AuthorMelennec, Olivier

This guide is an introduction to ABS, presented from the point of view of the investor. It proposes a breakdown in simple notions, which enable a partial reading.

  1. What is an ABS?

    ABS (Asset Backed Securities) are experiencing strong growth on the capital markets. These financial instruments enable companies to raise capital using the securitisation method described below.

    1. Securitisation

      Securitisation is a way for companies to raise capital and consists in using one of the company's financial assets to guarantee a security issued on the capital markets.

      Let us take the example of an industrial manufacturer with an average credit rating, who is experiencing difficulties in obtaining financing from banks. This manufacturer has sold capital goods to customers with a strong credit rating. The idea behind securitisation is to structure a financing package backed by these high quality trade account receivables.
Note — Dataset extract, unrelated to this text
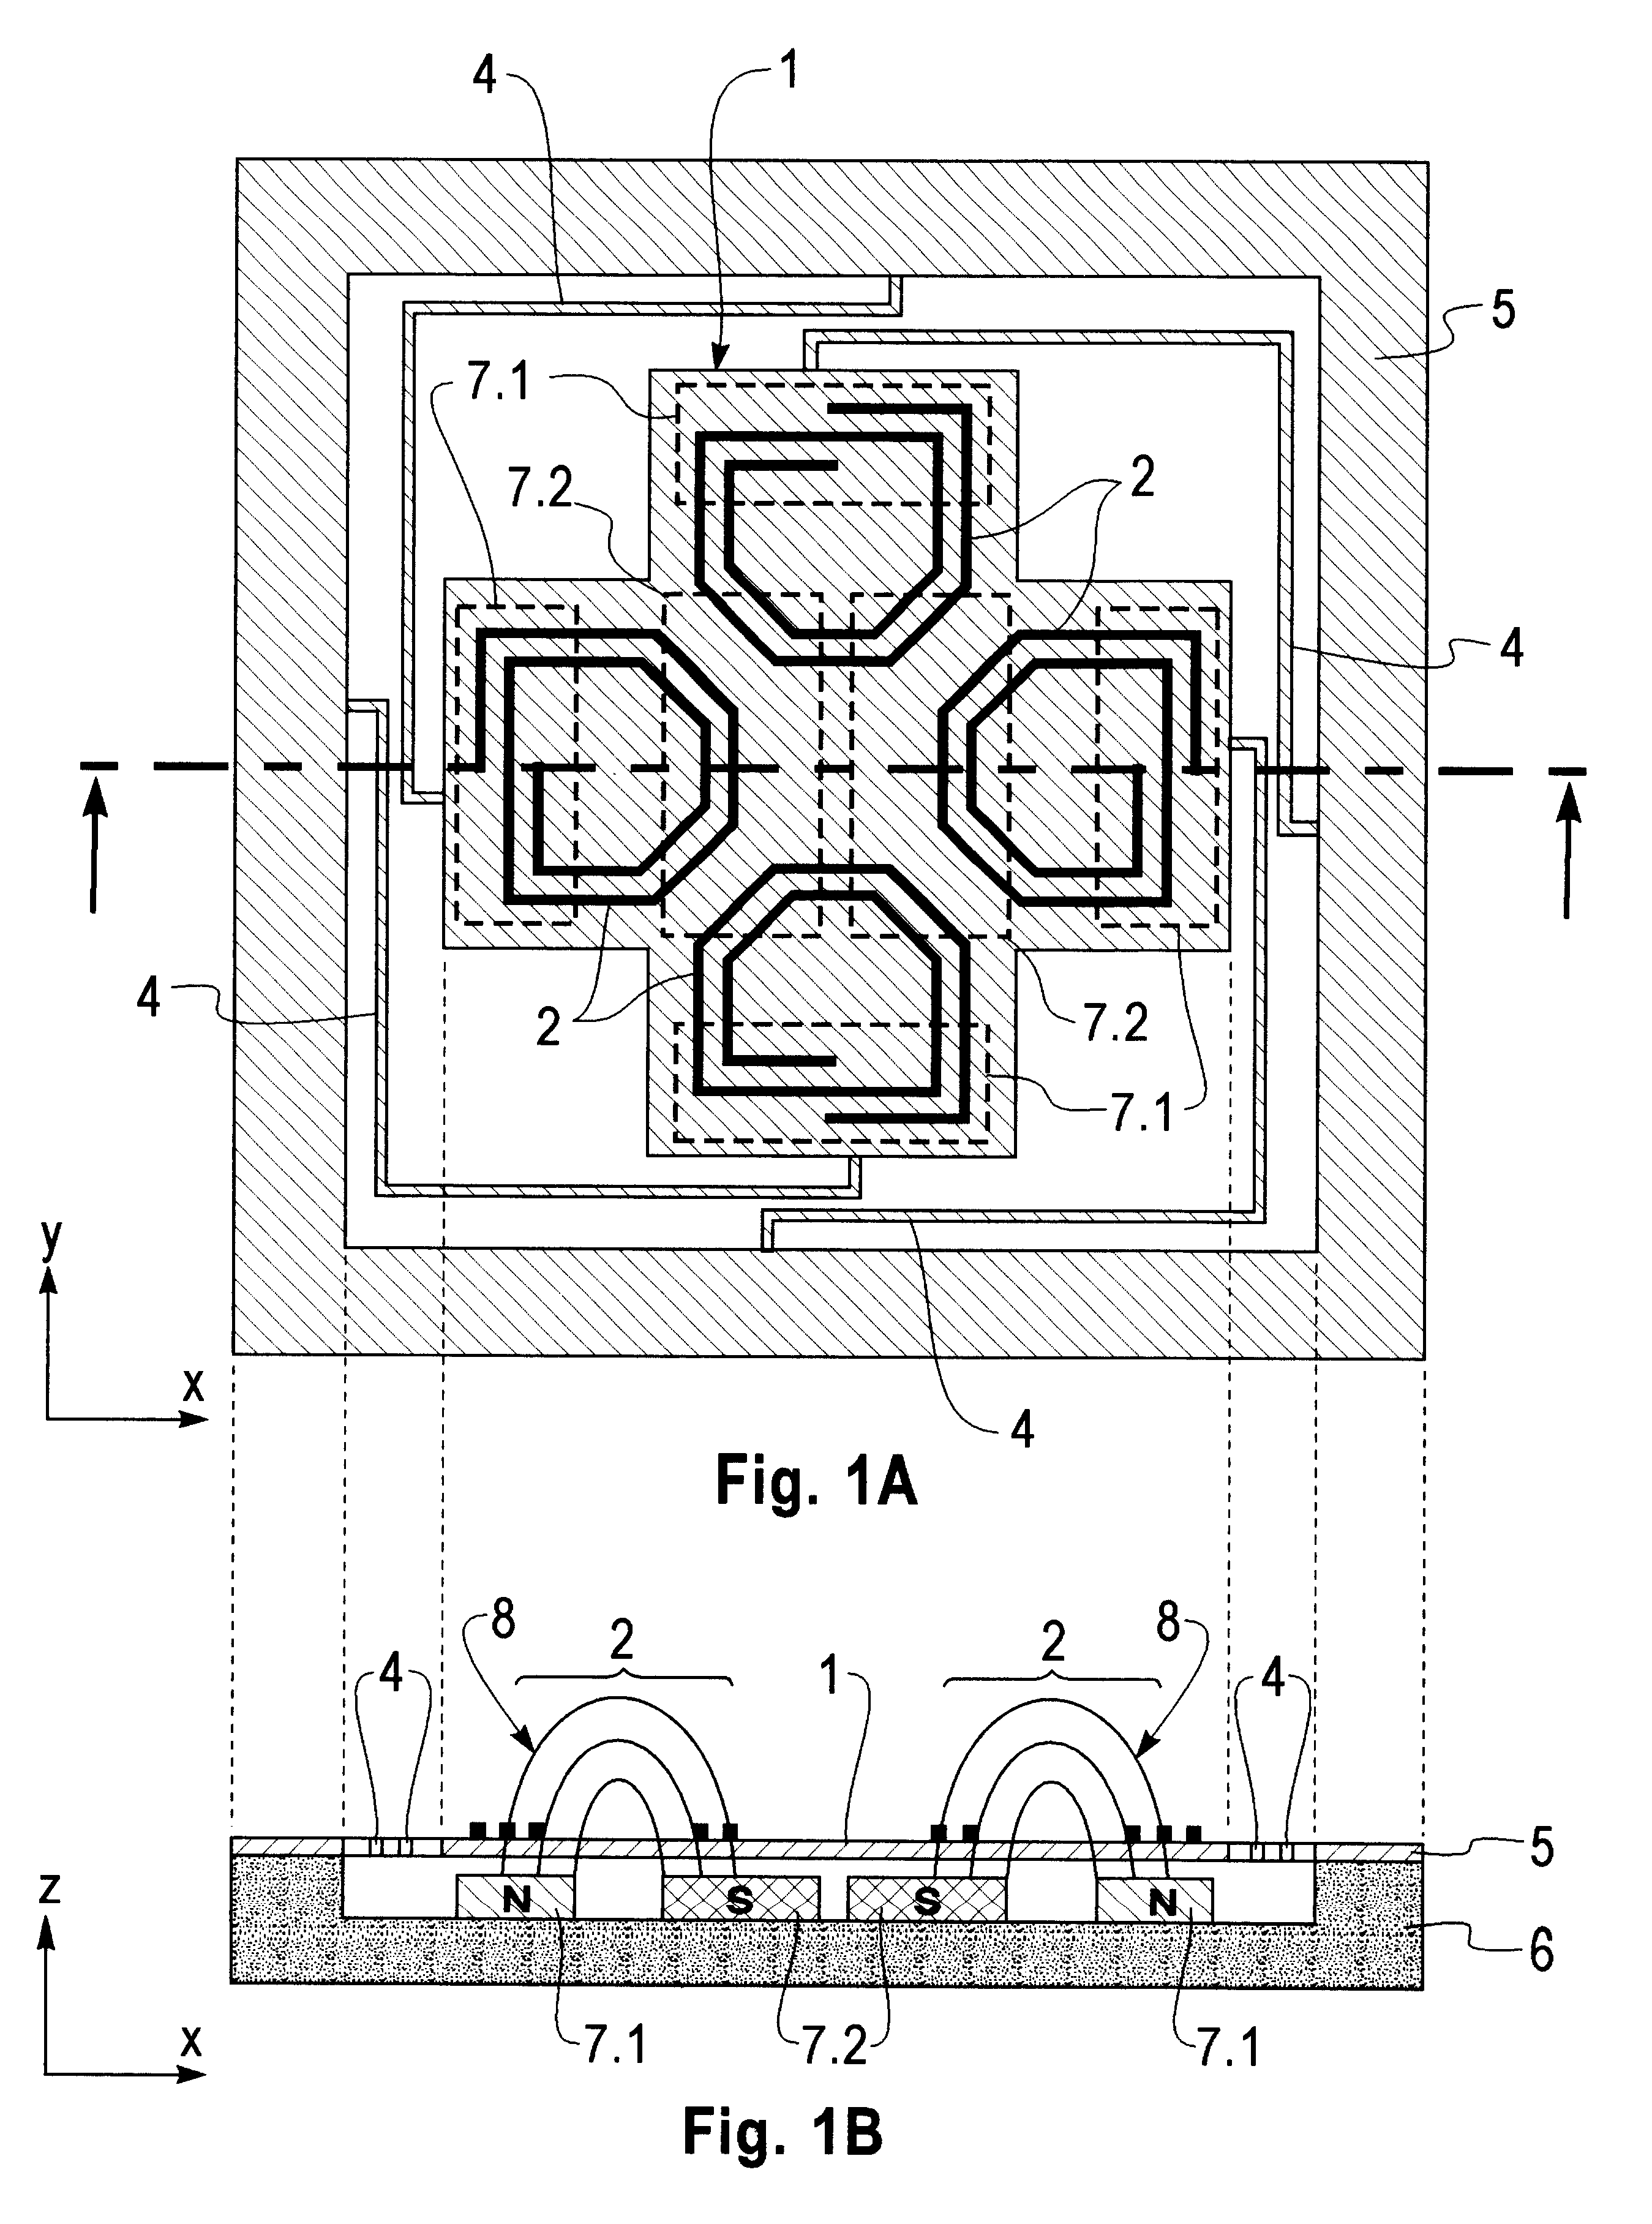 Magnetic scanning or positioning system with at least two degrees of freedom

In this way repayment no longer depends on the manufacturer, but only on the customers' ability to pay for the goods.

      A company is created for this purpose (SPV or Special Purpose Vehicle). The manufacturer (the Seller) sells the portfolio of trade account receivables (the underlying asset) to the SPV. The SPV then refinances this purchase by issuing rated securities, with repayment of these debts depending on the customers' (the final debtors') ability to pay.

    2. ABCP, MBS and ABS

      Securities issued using the securitisation method are called "Term Deal?' if they are offered to the markets as a long-term bond and "Conduit? if they are short-term.

      1. ABCP

        Conduits are mainly refunded by issuing commercial paper. These securitisation programmes, known as Asset Backed Commercial Paper (ABCP) accounted for a total outstanding of more than USD 500bn in the US in 1999, (i.e. more than a quarter of the US commercial paper market).

      2. MBS

        Term deals where the underlying assets comprise mortgage loans are called Mortgage Backed Securities. These represent a highly specific market and are mainly traded on the US domestic market. MBSs are generally fixed rate and their risk is principally linked to early repayment of the underlying mortgage loans. More than USD 400bn MBSs were issued in the US in 1999.

      3. ABS

        ABSs are all the Term Deals which do not fall under the MBS category: unlike MBSs, ABSs are mostly floating rate notes and principally carry a credit risk. In 1999, approximately USD 350bn of ABSs (excluding MBS) were issued.

    3. Fast-developing

      Since 1996, ABSs have accounted for one of the strongest growth segments in the capital markets and are also developing outside of the US (issuance volume on the European market was USD 75bn in 1999).

      On the whole, this trend can be explained by increasing pressure from shareholders, which leads more and more companies to deconsolidate financial or property assets in order to optimise their Return On Equity (ROE).

      In the same way, information on ABSs is increasingly available and transactions are progressively standardised, leading to more transparency.

      Finally, ABSs are often sold as variable rate securities, and benefit enormously from growth in the credit market, while offering an attractive means of diversifying investments, especially in Europe.

    4. Market segments

      Each securitisation is, to a large extent, characterised by its underlying asset. According to this criteria, the ABS market can be divided into several segments.

      US household debt (around USD 5000bn) represented the first pool of securitisable assets which gave rise to MBSs and to the main ABS categories, according to the type of asset: Credit Cards, Home Equity Loans or HEL (consumer loans secured by mortgages), Auto Loans, and Student Loans.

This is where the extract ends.